Et peut-être moi bientôt. J'y travaille depuis presque un mois, mais j'habite plus au nord, dans la partie iséroise de la grande couronne de Lyon. Pour l'instant, je prend le train et j'hésite encore à bouger là-bas, surtout que je n'ai qu'une mission temporaire (un an, quand-même). Je connais pas le coin, à vrai dire, mais la ville commence à me charmer...


----------



## Taho! (8 Mars 2006)

A savoir, amis grenoblois, actuels ou en devenir, que l'association Pomme Grenette est là et qu'elle organise une bouffe le 18 Mars prochain...  Vous y seriez les bienvenus (surtout avec une tournée payée par YellowSubmarine )

Picouto : Merci ! :love:

A bientôt !


----------



## YellowSubMarine83 (9 Mars 2006)

r0m1 a dit:
			
		

> tu quittes notre si belle région pour aller vers le froid (j'habite ollioules) !!!! bon courage pour la suite




Eh oui, mais tu sais comme moi que nous ne choisissons pas toujours ce que nous voulons !! (sinon, intel ne serait pas dans nos macs  )
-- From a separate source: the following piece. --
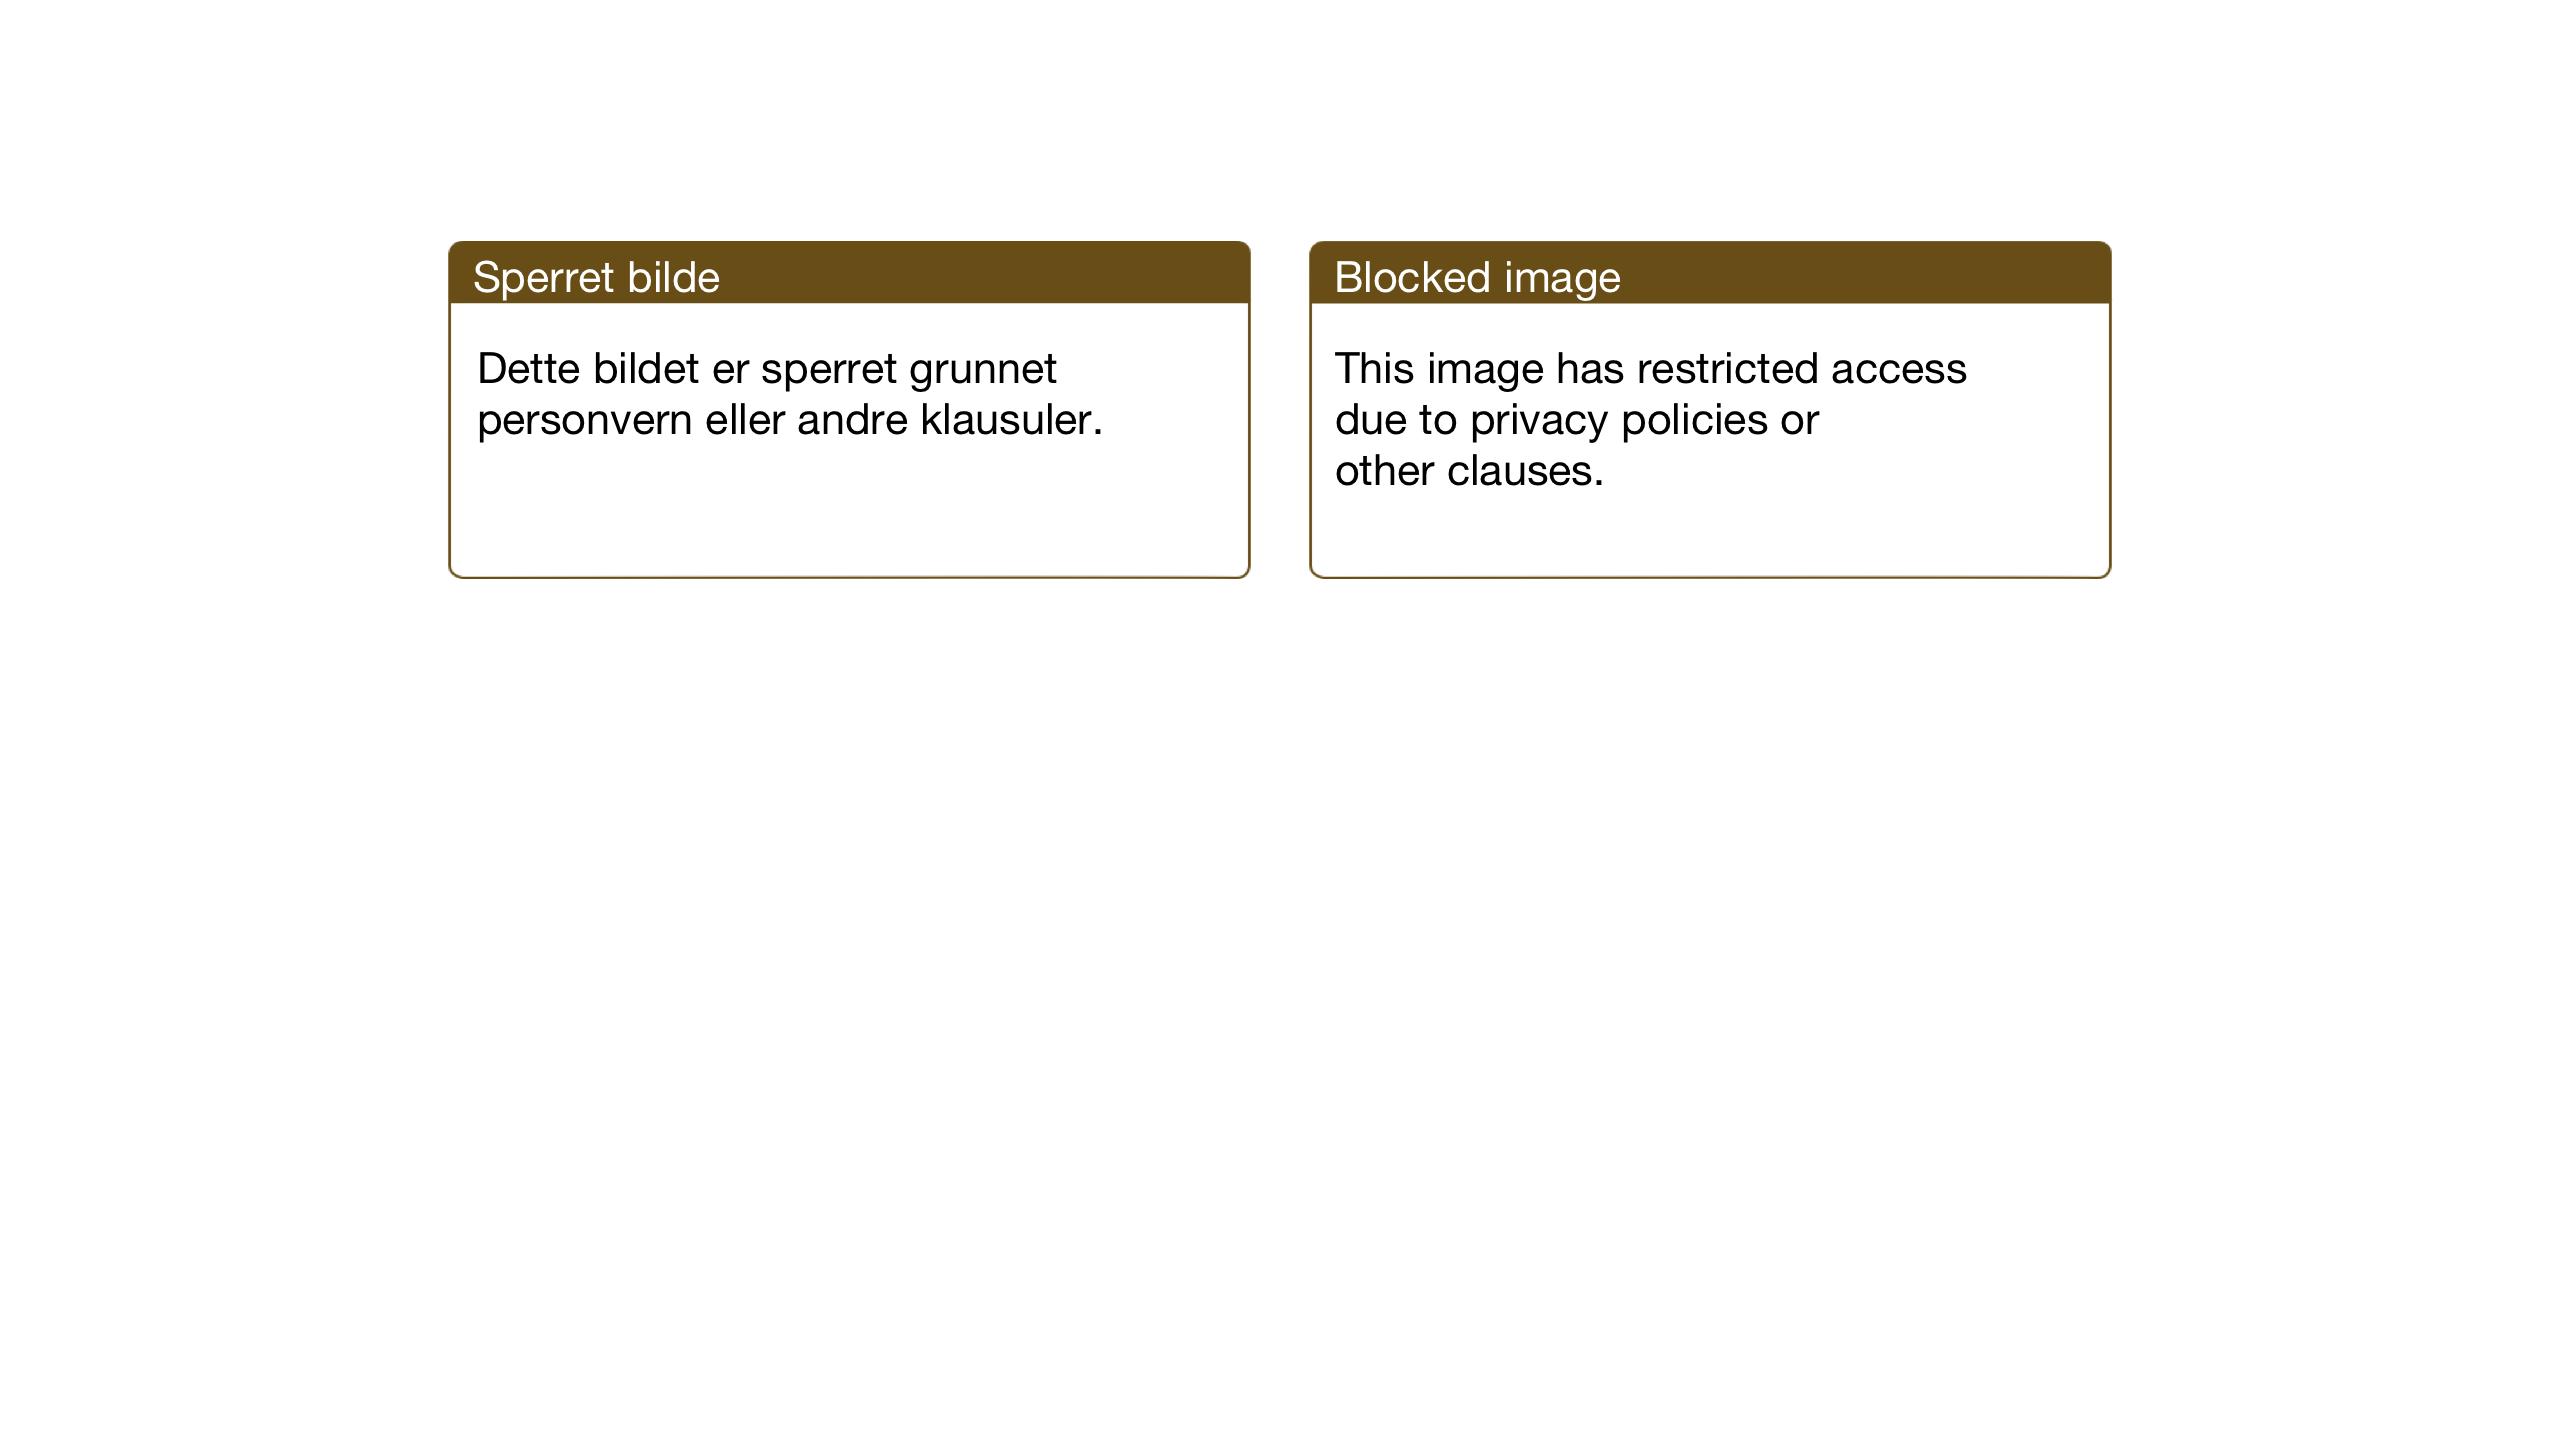 SAT, Ministerialprotokoller, klokkerbøker og fødselsregistre - Nord-Trøndelag, 755/L0500: Klokkerbok nr. 755C01, 1920-1962, s. 172

Sinon, je vous remercie chaudement de vos bons conseils. C'est très sympa !

Un gros merci, plus particulièrement à Taho!.

D'après l'office du tourisme de Grenoble, la seule unité de l'armée de l'air d'active, c'est l'EPA de MontBonnot.

Si qqun à des infos supp. sur ce "côté" de Grenoble.


----------